Aşağıda bulunan JWST’nin çektiği görüntü, bazısı kendi galaksimiz Samanyolu gibi spiral şekilde olan birçok galaksiyi gösteriyor. Görüntünün sağında yer alan ise 10 milyar ışık yılı ötedeki, görüntüsü yamulmuş ve uzamış olan MRG-M0138’i gösteriyor. Normalde bu kadar uzakta -ve haliyle oldukça eski, çünkü uzaydaki cisimler ne kadar uzaktaysa o kadar eskiler- olan galaksiler, oldukça sönük görünüyorlar. Ancak doğal şekilde oluşan kozmik lens sayesinde bu galaksinin ışığı daha güçlü bir şekilde teleskoba ulaşıyor. Bu ışığı artmış alanda bir sürpriz de görünüyor. Görüntüsü esnemiş olan bu galaksiye yakından bakıldığında süpernova olarak adlandırılan, patlamış bir yıldızın ışığı da görünüyor. Araştırmacıların adını “Supernova Encore” verdiği patlamış yıldız, devasa çekimsel lens sayesinde fotoğrafta çemberle belirtilmiş yerlerde birden çok sefer görünüyor.
Daha da ilginç olanı, astronomlar bu lensin, aynı süpernovanın bir başka kopya görüntüsünü, 2030’lu yıllarda belirmesini bekliyor. Bu oldukça değerli ve nadir olay, astronomların evrenin ne kadar hızla genişlediğini ölçmeleri için büyük bir fırsat olarak nitelendiriliyor.
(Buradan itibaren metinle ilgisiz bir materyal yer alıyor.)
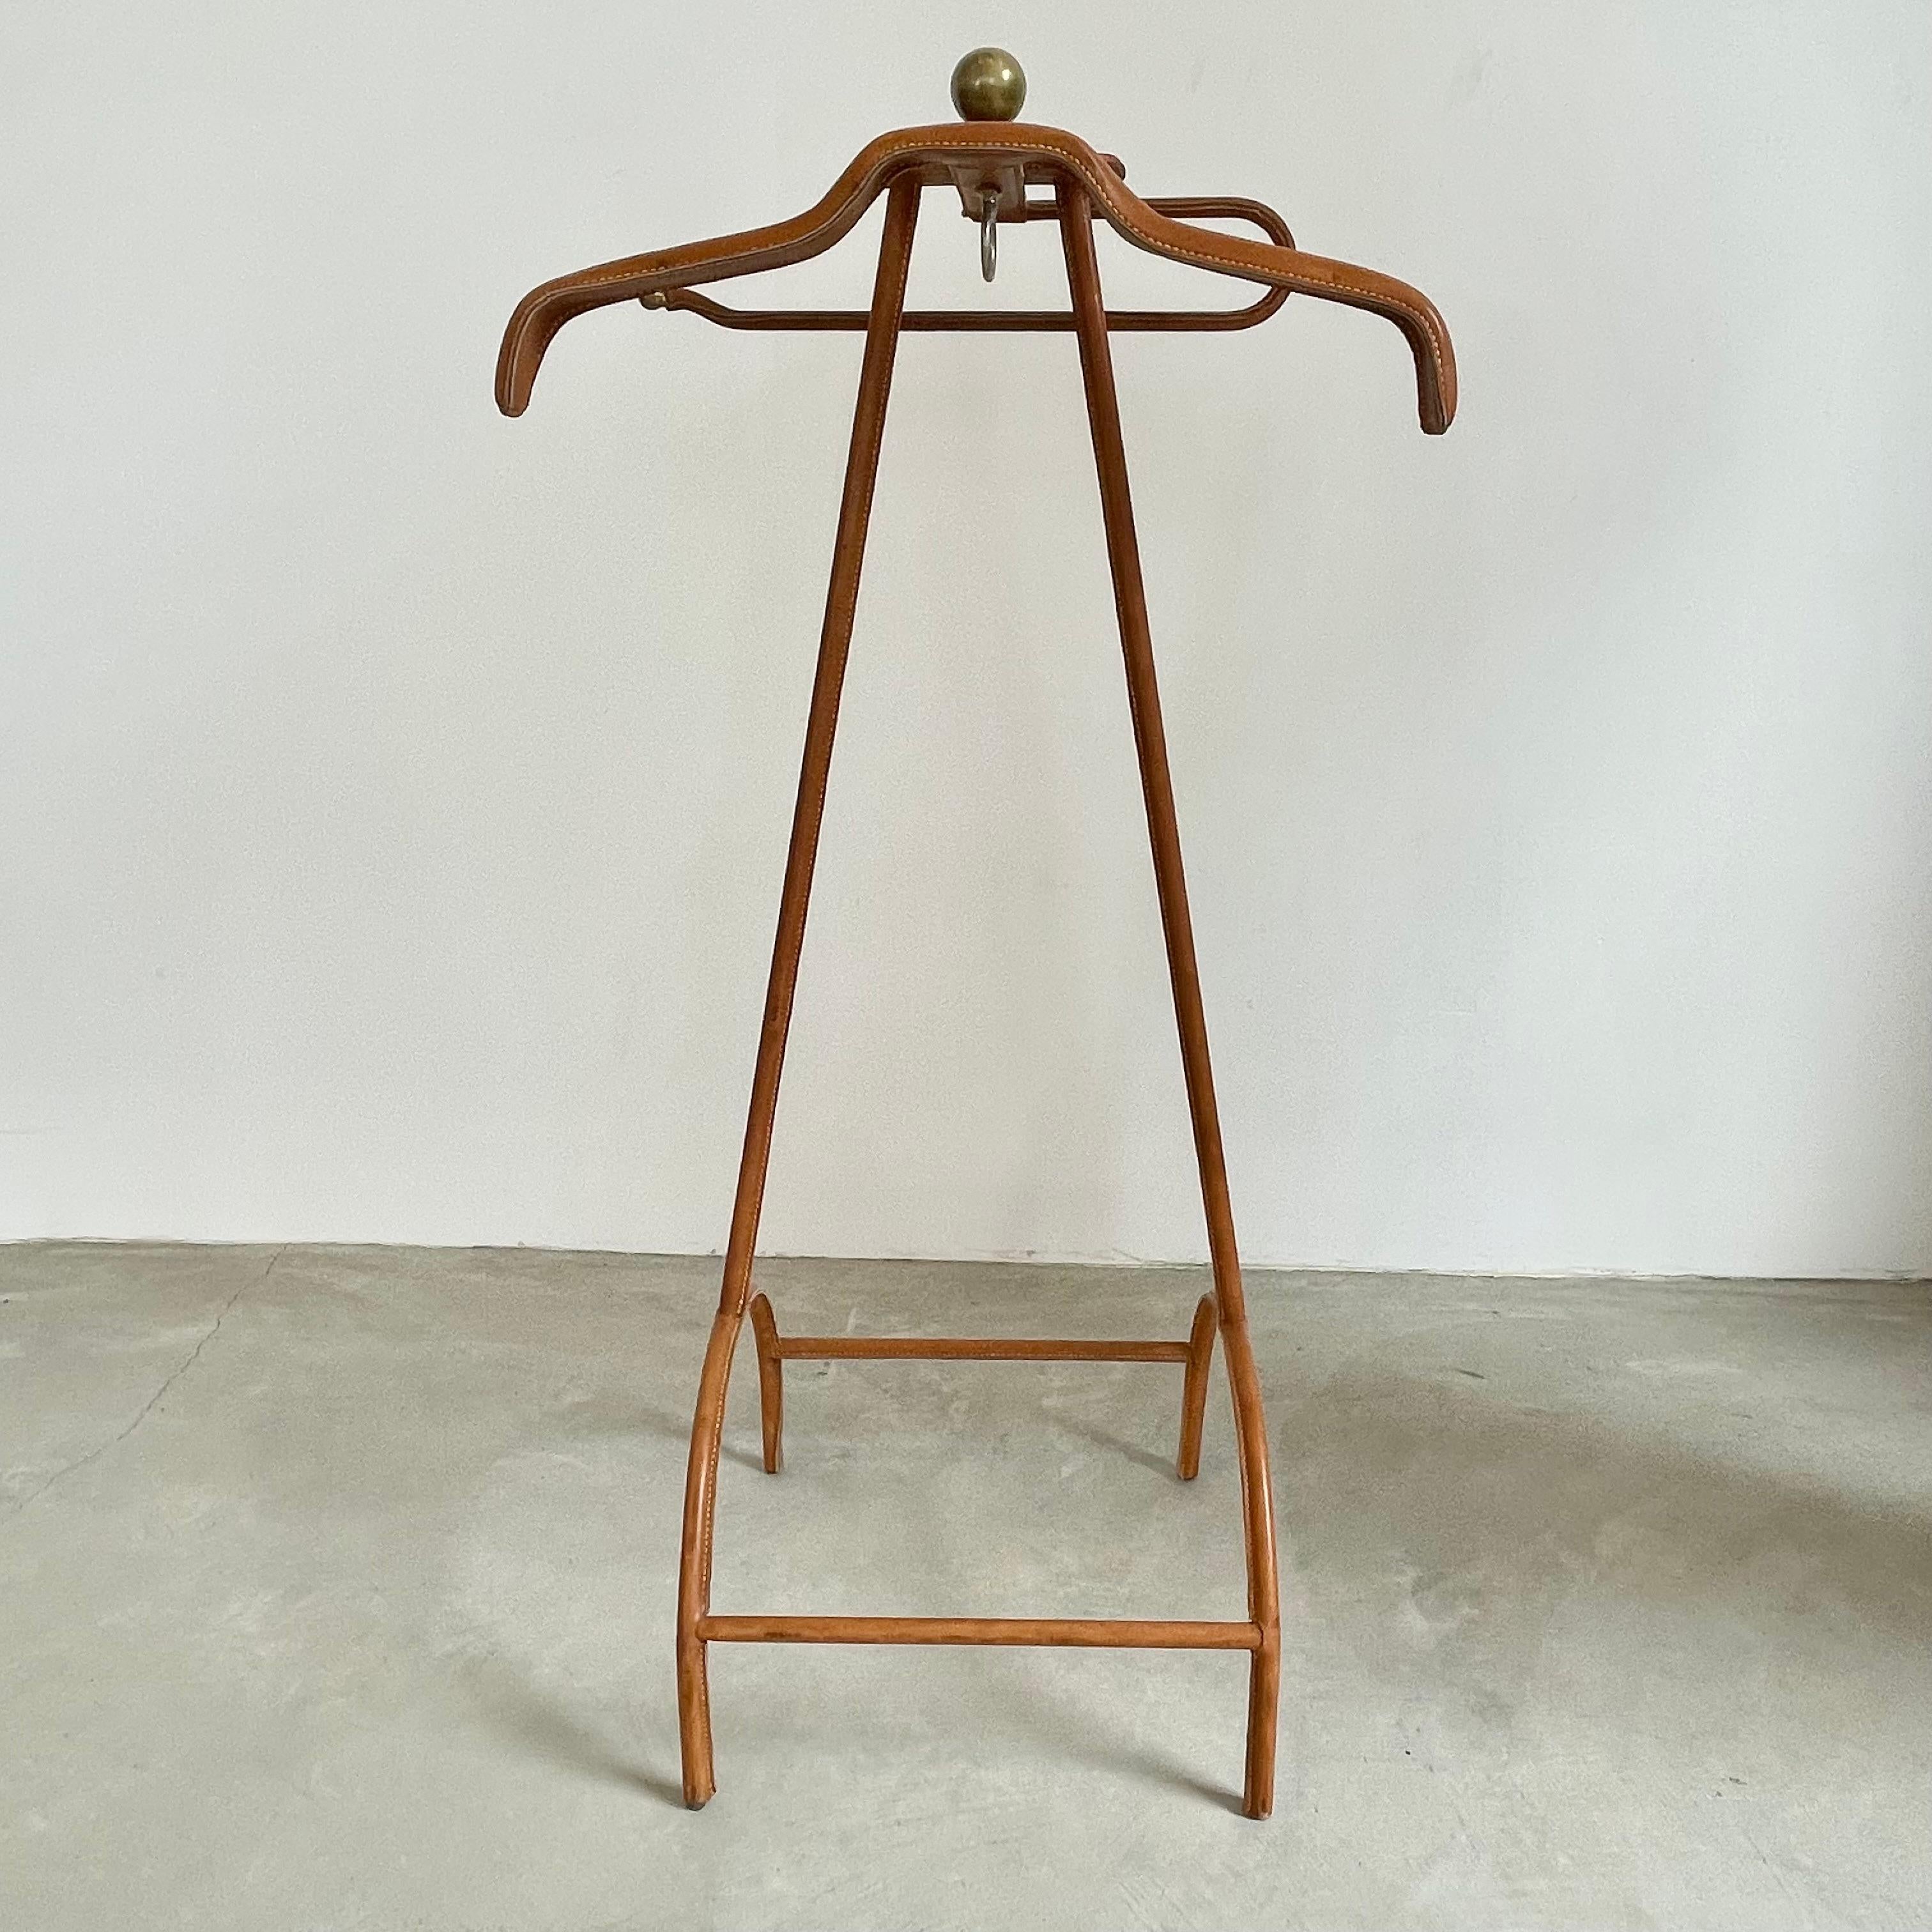 Stunning coat stand / valet by French modernist designer, Jacques Adnet. Valet has an iron frame with brass accents including brass ball feet, brass ball at the end of the pant rod and a large brass ball adorning the top of the valet. Entire frame

Uzay Teleskobu Bilim Enstitüsü’nden NASA Einstein Araştırmacısı Justin Pierel ve Carnegie Bilim Enstitüsü Gözlemevleri’nden astronom Andrew Newman, NASA açıklamasında şunları söyledi: “Çekimsel bir lensin arkasında kalan bir süpernova patladığında, ışığı Dünya’ya birden fazla yolu takip ederek ulaşır. Bu yolları, aynı anda istasyondan ayrılan birden çok trene benzetebiliriz. Hepsi aynı hızda ve aynı yöne doğru ilerler. Her tren farklı bir yol izler, ancak yolun uzunluğu ve karşılaşılan engeller yüzünden her biri farklı sürelerde hedefine ulaşır. Süpernova görüntüsünün belirdiği zamanlar arasındaki farkları ölçerek, Hubble sabiti olarak bilinen evrenin genişleme oranını ölçebiliriz. Bu da günümüz kozmolojisinin önemli bir problemi.”


WEBB TELESKOBUNUN GÜÇLÜ ÖZELLİKLERİ


NASA, ESA ve Kanada Uzay Ajansı’nın bilimsel ortaklığıyla geliştirilen Webb teleskobu, evrenin en derinlerine bakmak ve evrenin erken dönemleriyle ilgili yeni bilgileri aydınlatması için tasarlandı. Bununla birlikte galaksimizdeki ilgi çeken gezegenler ve Güneş Sistemi’ndeki gezegen ve uydular hakkında da detaylı bilgiler sunuyor.